→ Requirement: Your response should contain exactly the lines running from the one with "Chateau L'Enclos Grand" to the end of the data below, both included, and no pictures.

→ Dataset content:
- Opening Delimiter -

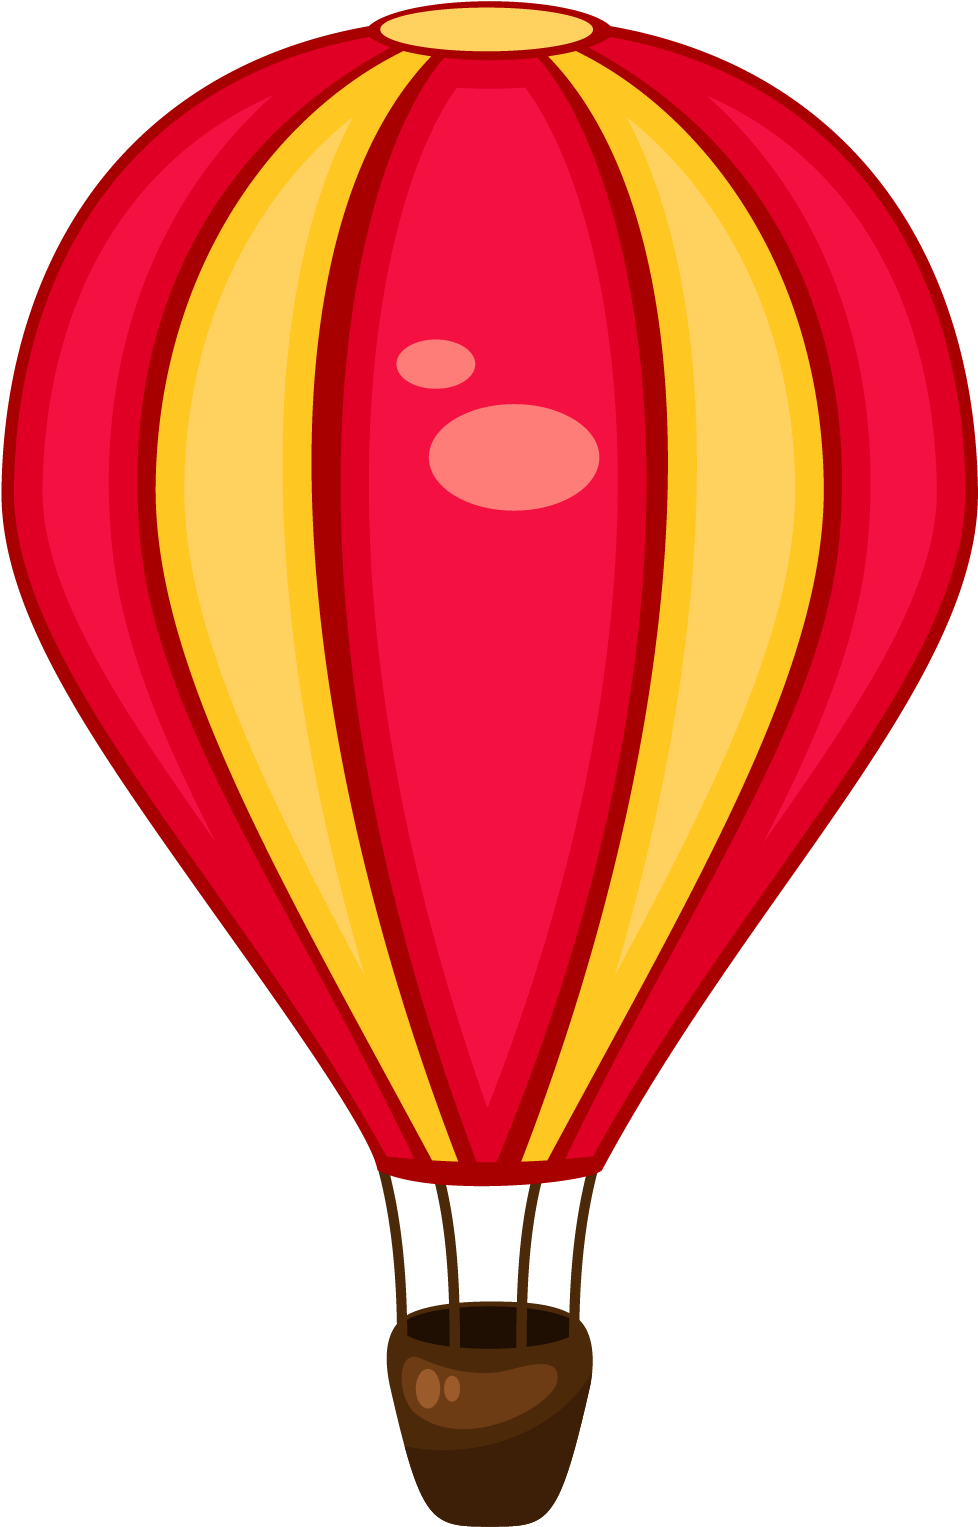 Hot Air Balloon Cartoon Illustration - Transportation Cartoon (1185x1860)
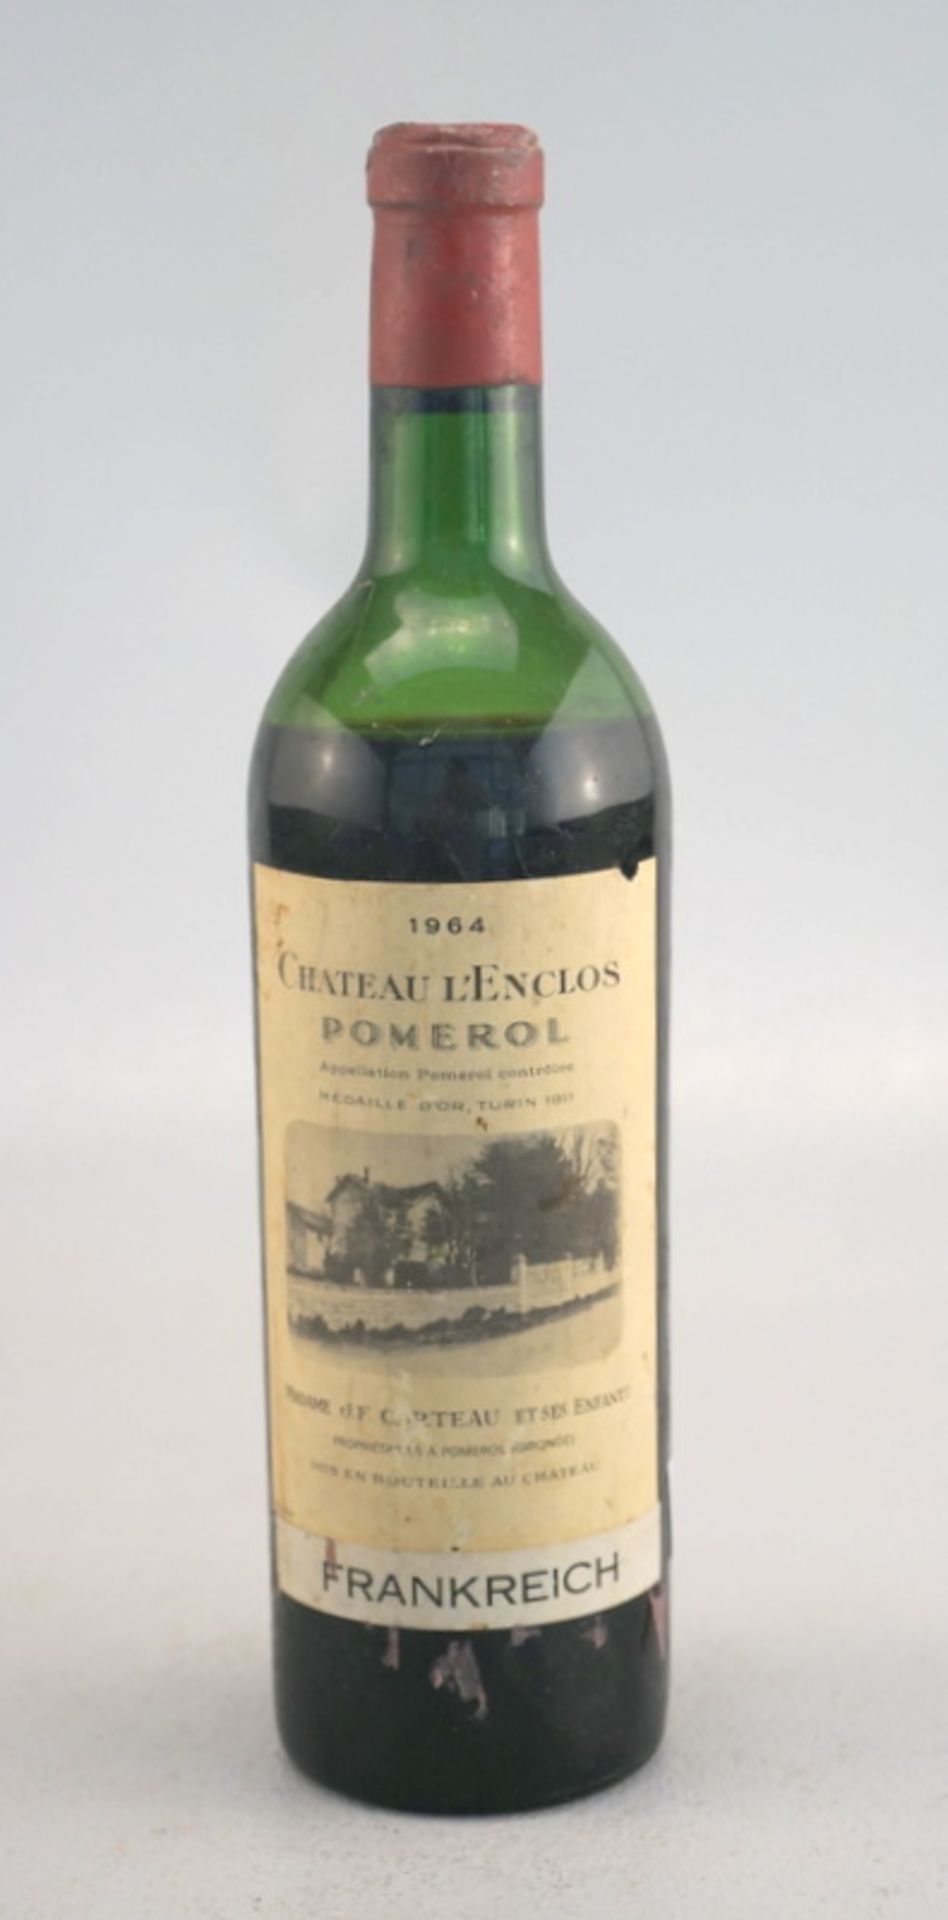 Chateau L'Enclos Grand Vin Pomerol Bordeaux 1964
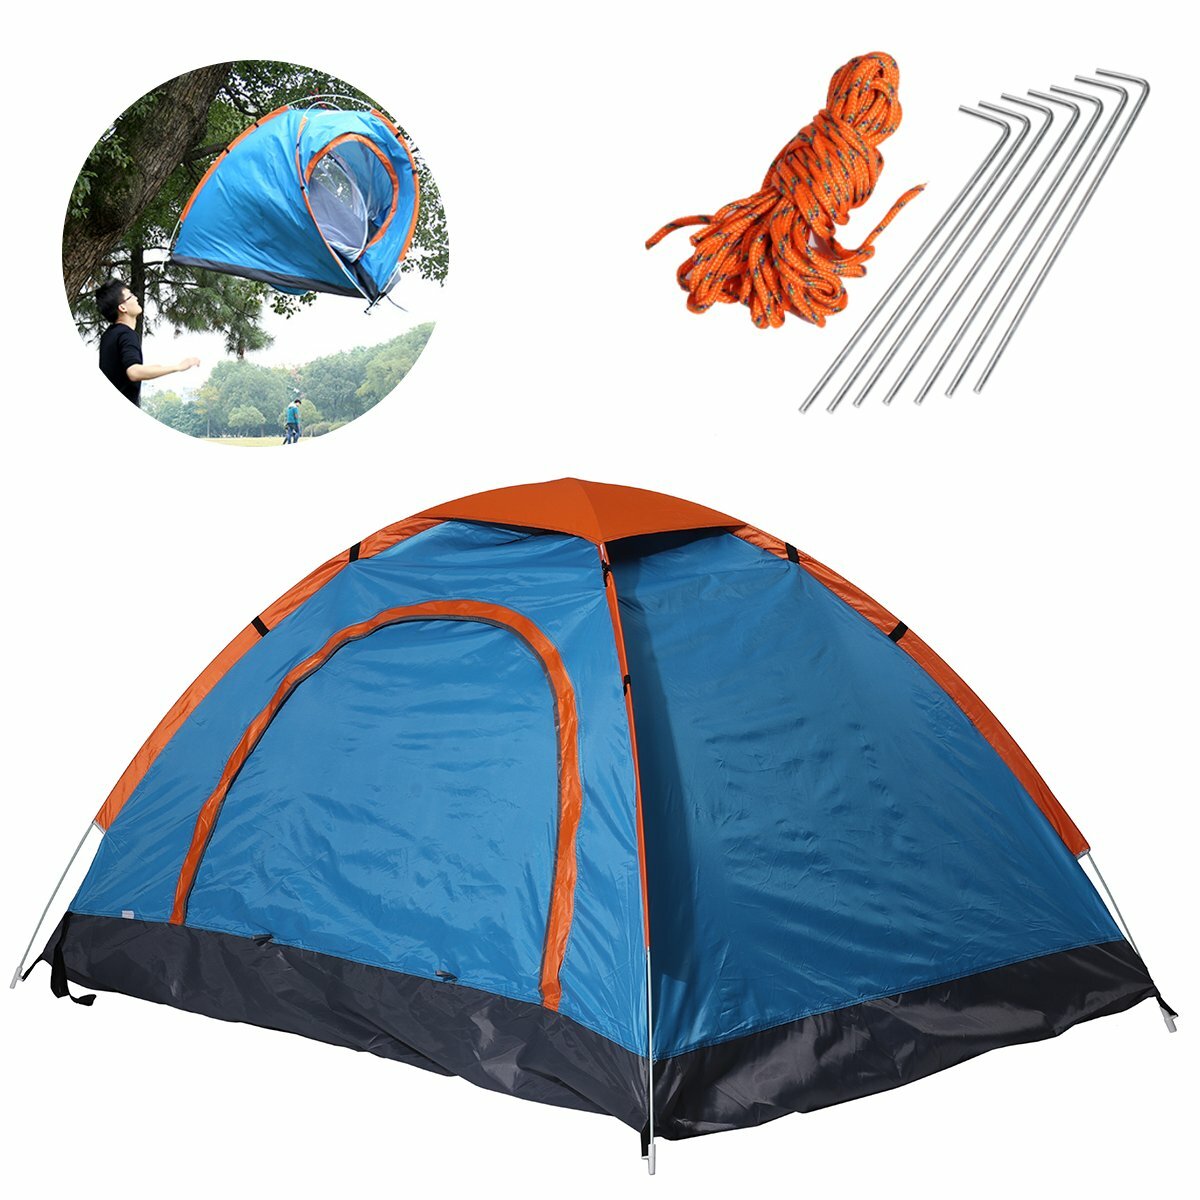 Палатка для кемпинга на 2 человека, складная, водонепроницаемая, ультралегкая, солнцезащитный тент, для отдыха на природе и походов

- Closing Delimiter -

→ Finished task:
 Chateau L'Enclos Grand Vin Pomerol Bordeaux 1964
 Палатка для кемпинга на 2 человека, складная, водонепроницаемая, ультралегкая, солнцезащитный тент, для отдыха на природе и походов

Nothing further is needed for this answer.